The conditions of pharmaceutical warehouses regarding surplus property and regarding commercial discounts (discounts given by drug companies to pharmacies for making their products more attractive) are significant for pharmacists. This discount is reflected in pharmacies by bypassing warehouses. Nowadays, the number of drug companies providing trade discounts has decreased greatly. Additionally, warehouse deal discounts (additional discounts reflected by warehouses to pharmacies as a result of commercial treaties) tend to decrease.

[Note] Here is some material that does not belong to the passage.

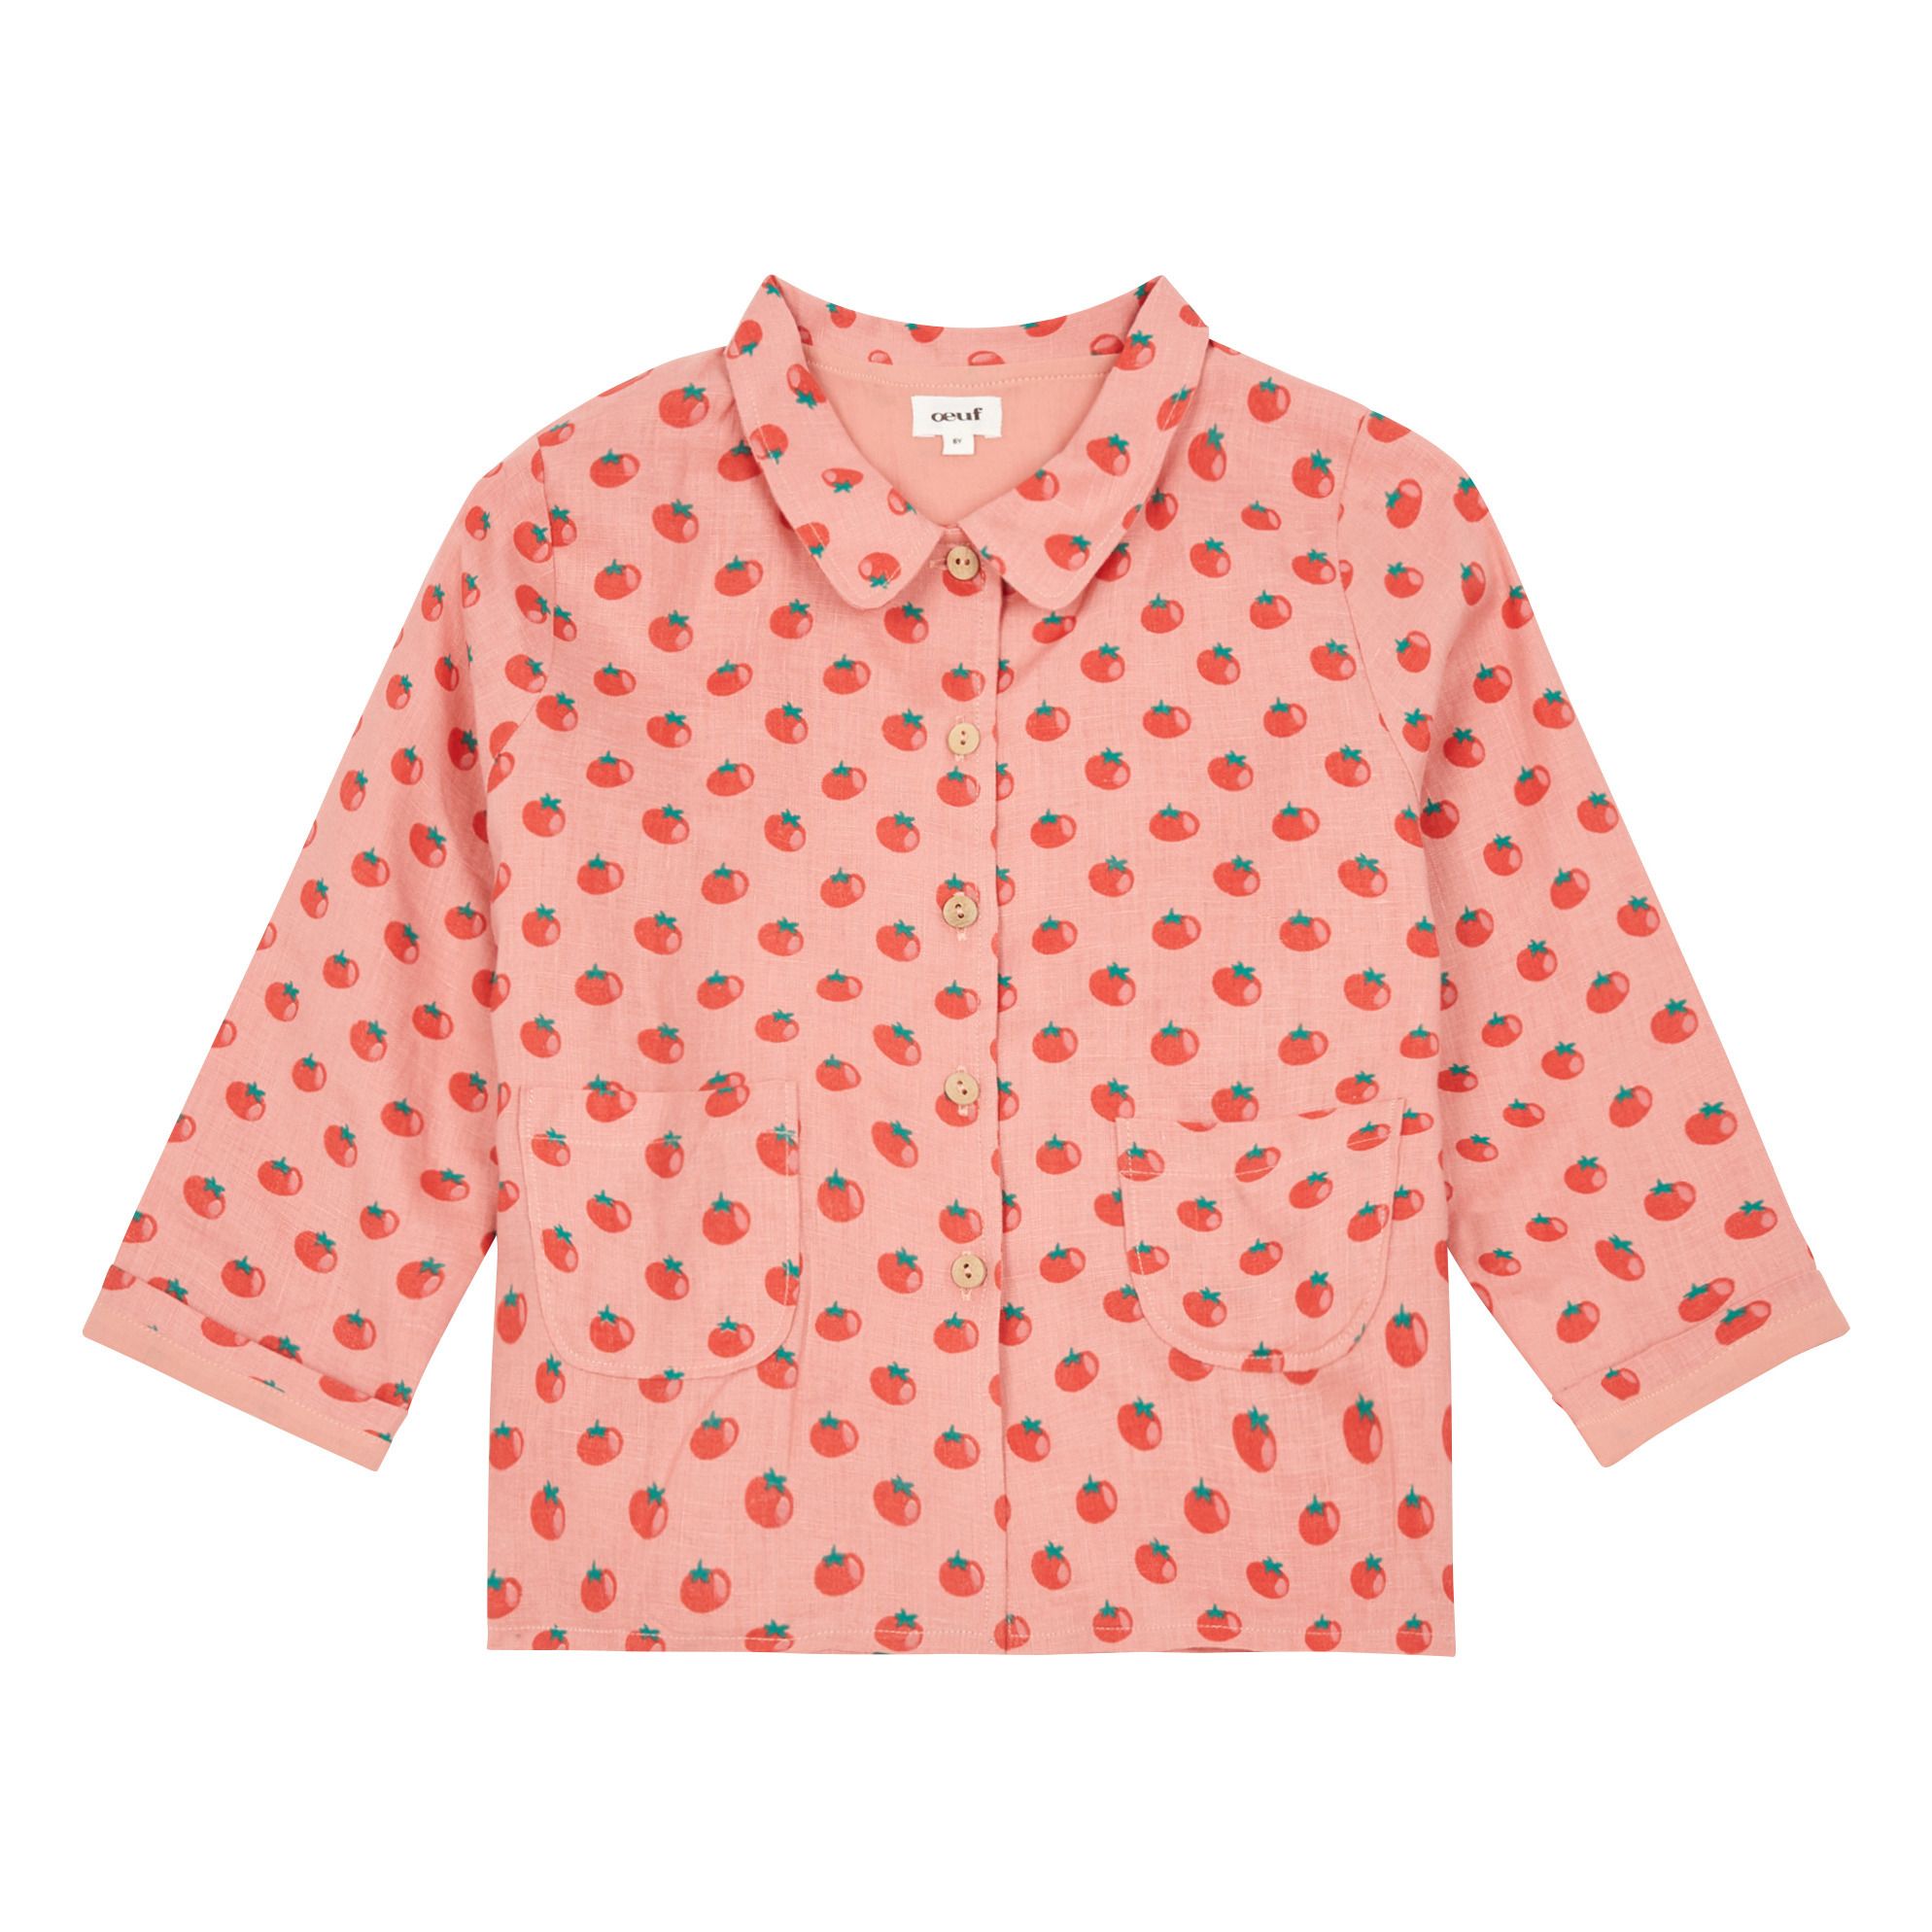 Oeuf NYC - Veste Lin Tomates - Fille - Rose
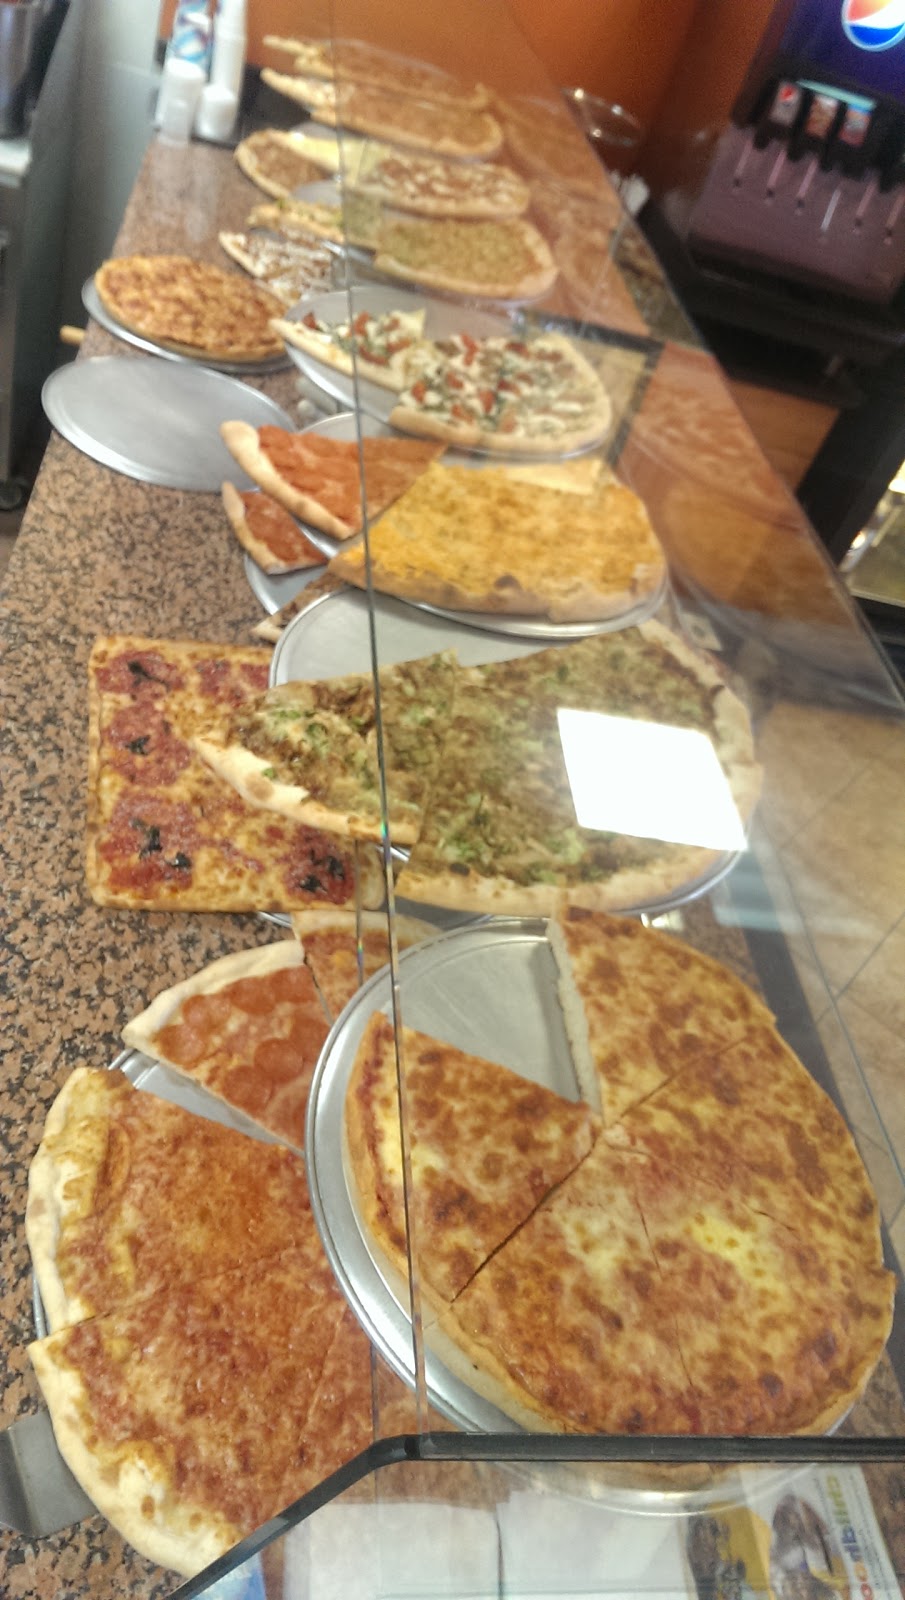 Five Brothers Pizza and Pasta | 2505 Carmel Ave #107, Brewster, NY 10509 | Phone: (845) 278-4500

Regarding tax legislations, because surplus goods increase profit margins by reducing costs, they attract extra attention from tax authorities. There are many problems between tax authorities and pharmacies because there are inadequate facilities for accounting; if surplus goods are not handled in accounting books, then surplus goods are considered as cash sales, and pharmacies are subject to criminal procedures regarding income taxes and value-added taxes.²⁴

Surplus goods from the perspectives of patients

Pharmacists purchase goods according to the socio-economic, socio-cultural, and educational levels of the people living in their neighborhoods. For example, in a neighborhood where the social and economic level of people is high, people want the same drugs (mostly expensive original medicines) prescribed by the doctor. The reimbursement agency pays the price of the cheapest equivalent drug, and the patient pays the rest. In affluent areas, patients can pay the price difference easily because they have money. In addition, patients in these regions go to private doctors’ offices and purchase the prescribed drugs by paying the full fee of the prescribed drugs. Pharmacists whose pharmacies are in these kinds of regions do not purchase many generic drugs because patients generally request the expensive original medicines. Surplus goods are given mostly with cheap generic drugs, accordingly, such pharmacists mostly do not purchase drugs with surplus goods because the patients can buy the drugs with cash and the selling rate of expensive cosmetic products is high. Also, cash flow at these pharmacies is very high. Cash flow is a crucial factor for trade, as such these pharmacists earn enough to compensate for the positives of purchasing drugs with surplus goods. In contrast, in places where people’s socio-economic levels are low, people do not have enough money to buy original drugs. Thus, residents in these neighborhoods usually do not want to pay money at pharmacies, and they accept generic equivalent drugs, which are paid in full by the reimbursement agency. Also, people in these regions do not purchase expensive cosmetic products, and cash flow, which is critical for trade, is very low. Therefore, pharmacists whose pharmacies are in those regions usually purchase generic drugs with large amounts of surplus goods because they try to make up for the cash loss and try to gain through purchasing drugs.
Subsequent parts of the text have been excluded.